__Raw data__:

——————

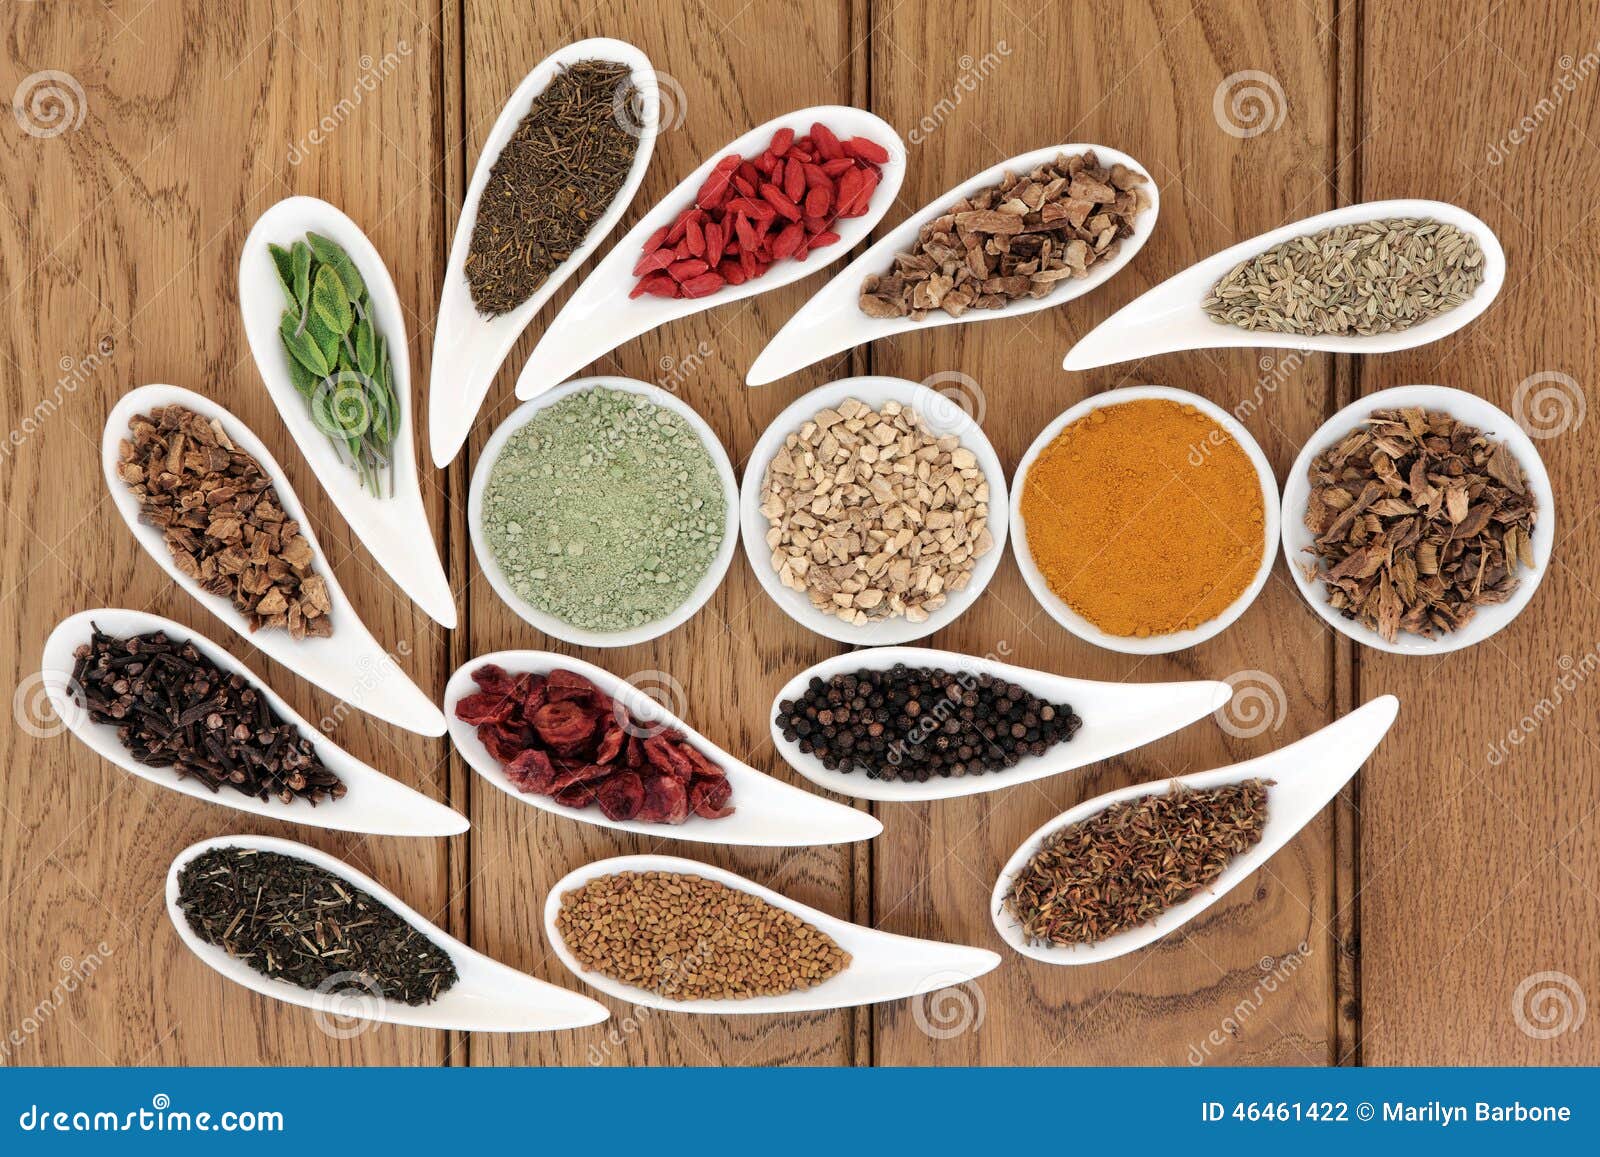 Liver Detox Superfood stock photo. Image of learge, care - 46461422
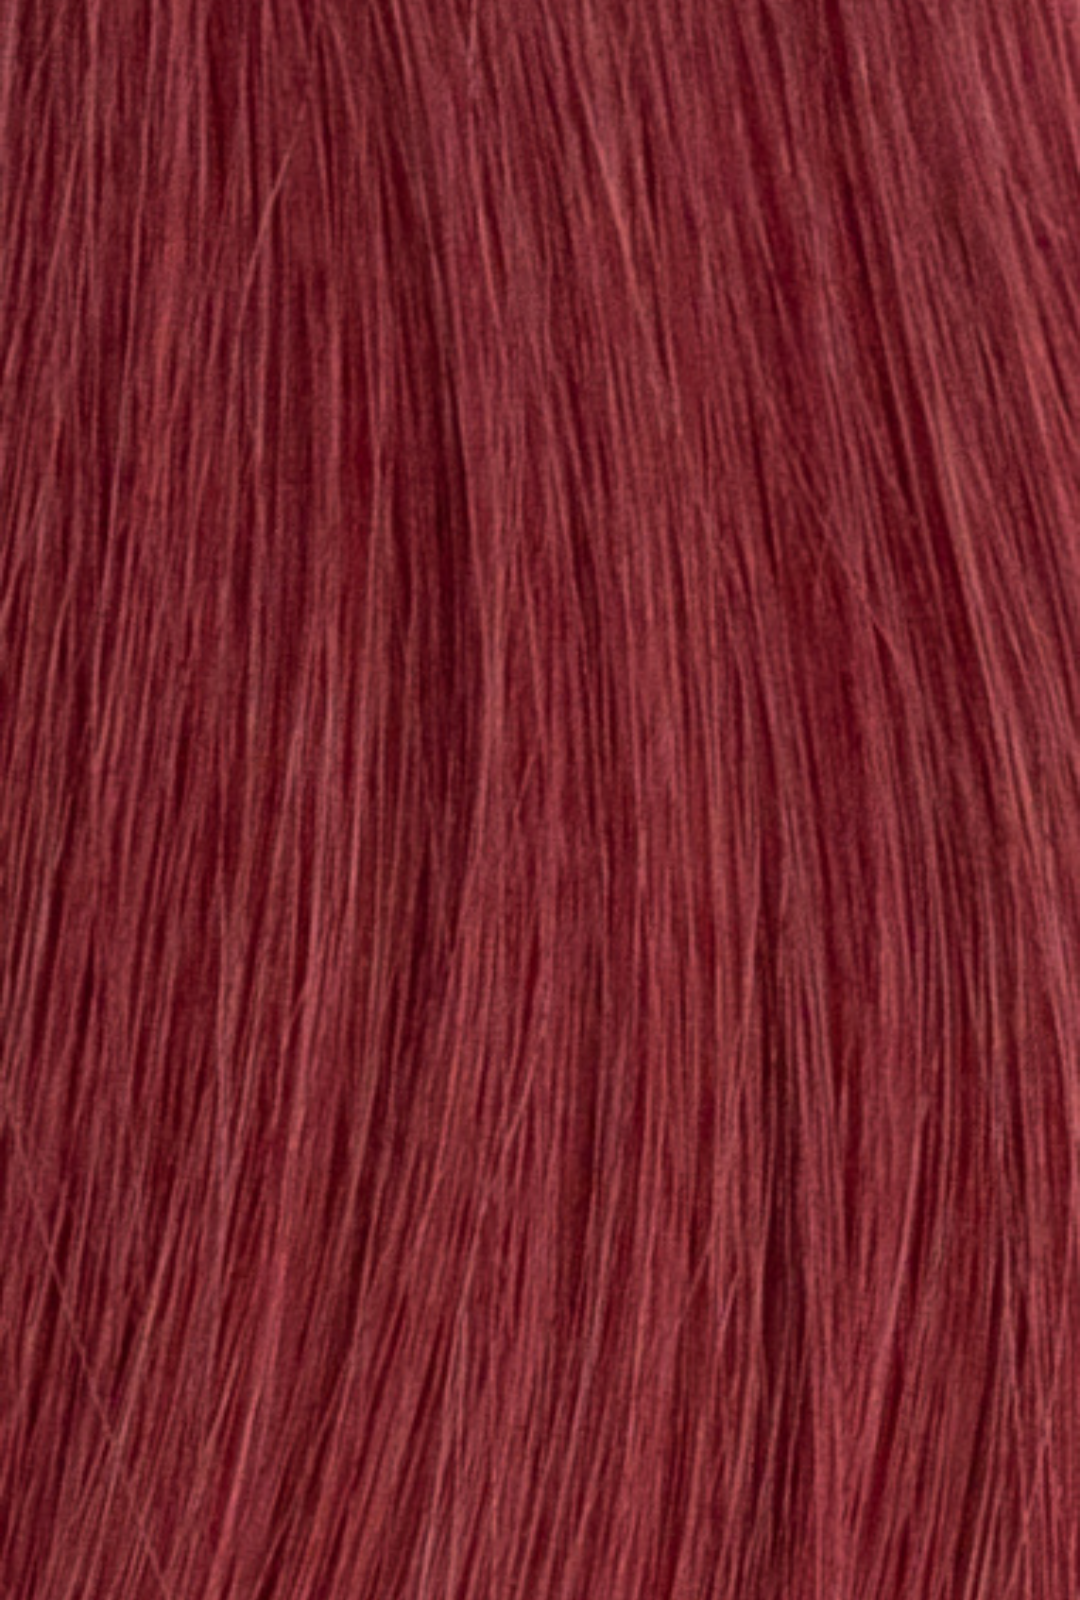 Laced Hair Keratin Bond Extensions Ruby Red
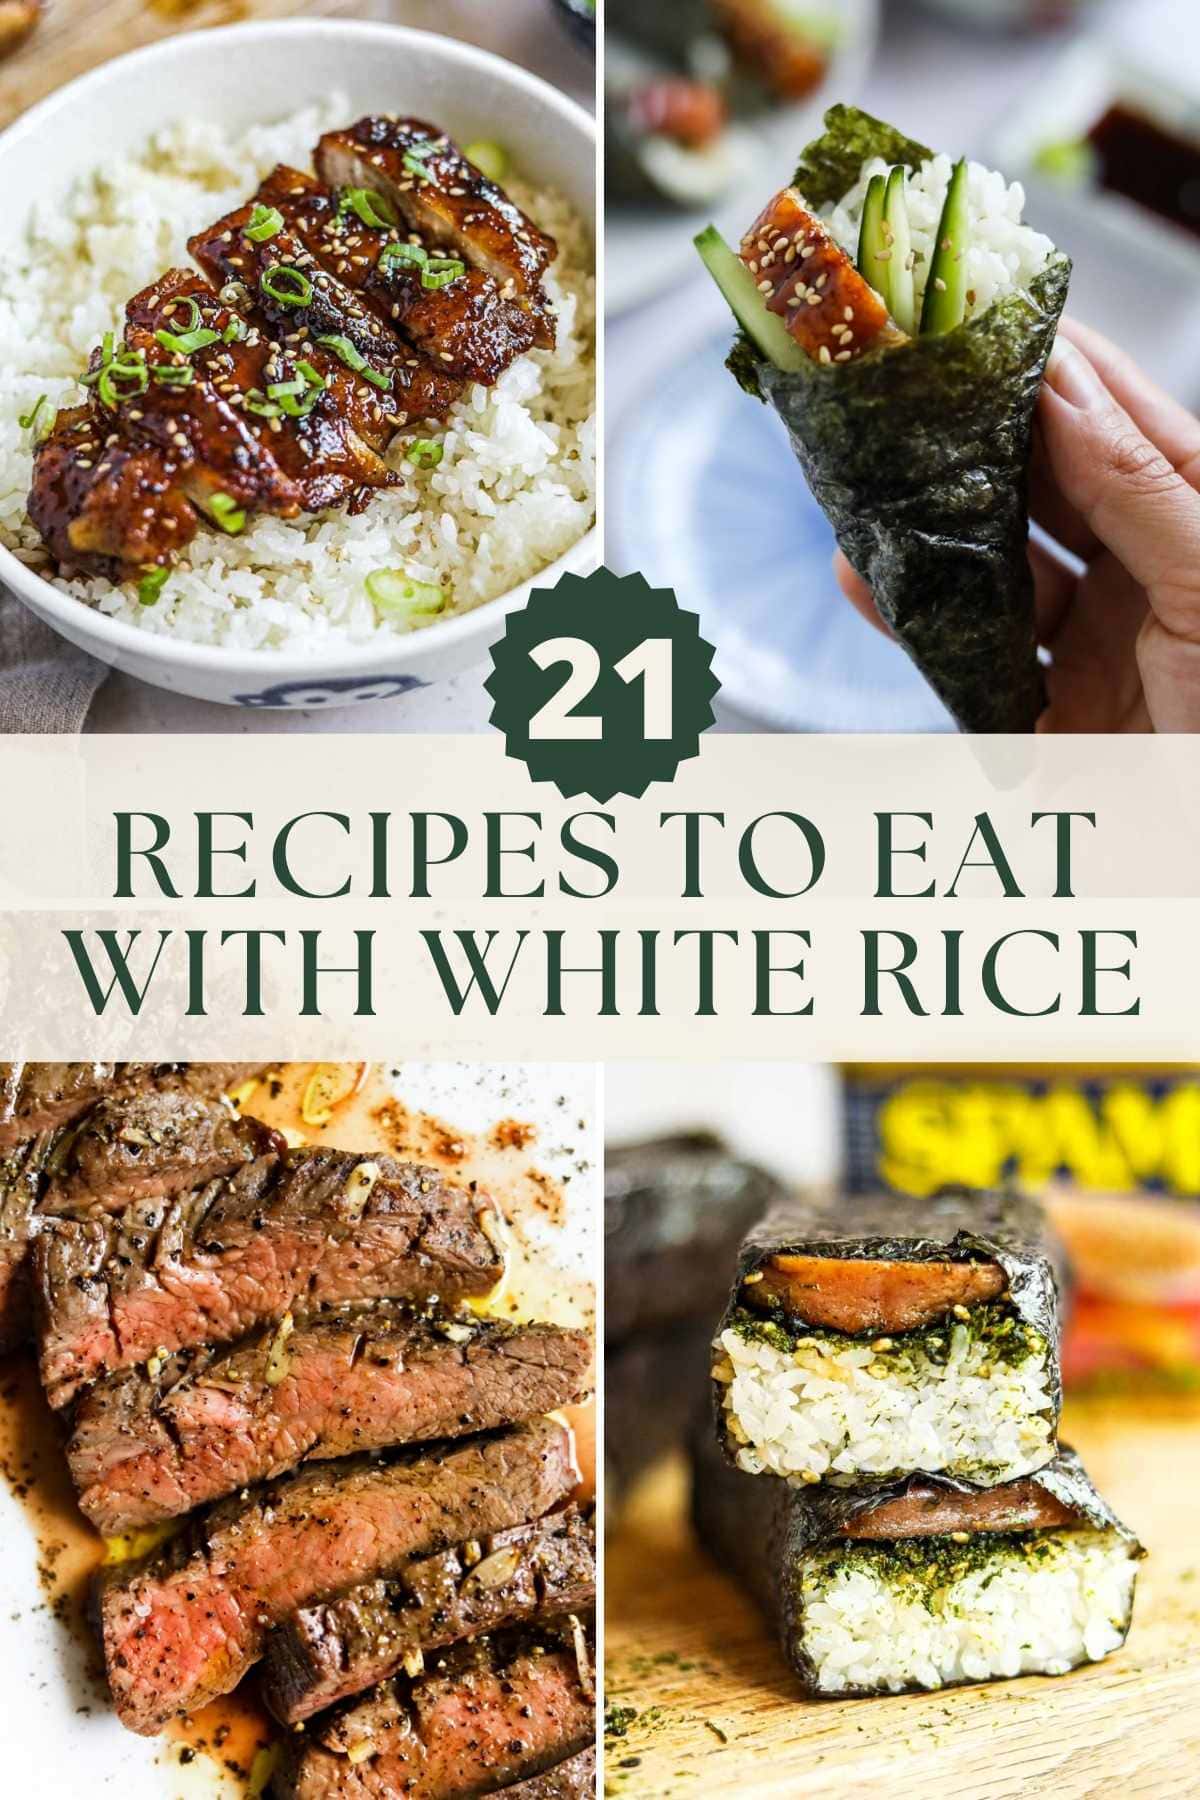 21 recipes to eat with white rice, including sushi, steak, spam, chicken teriyaki, and more.

——————

__What to do__:
Setting the pictures aside, return exactly the lines from the line with "Laced Hair Keratin Bond Extensions Ruby Red" through the last line of the listing above.

__Worked solution__:
 Laced Hair Keratin Bond Extensions Ruby Red
 21 recipes to eat with white rice, including sushi, steak, spam, chicken teriyaki, and more.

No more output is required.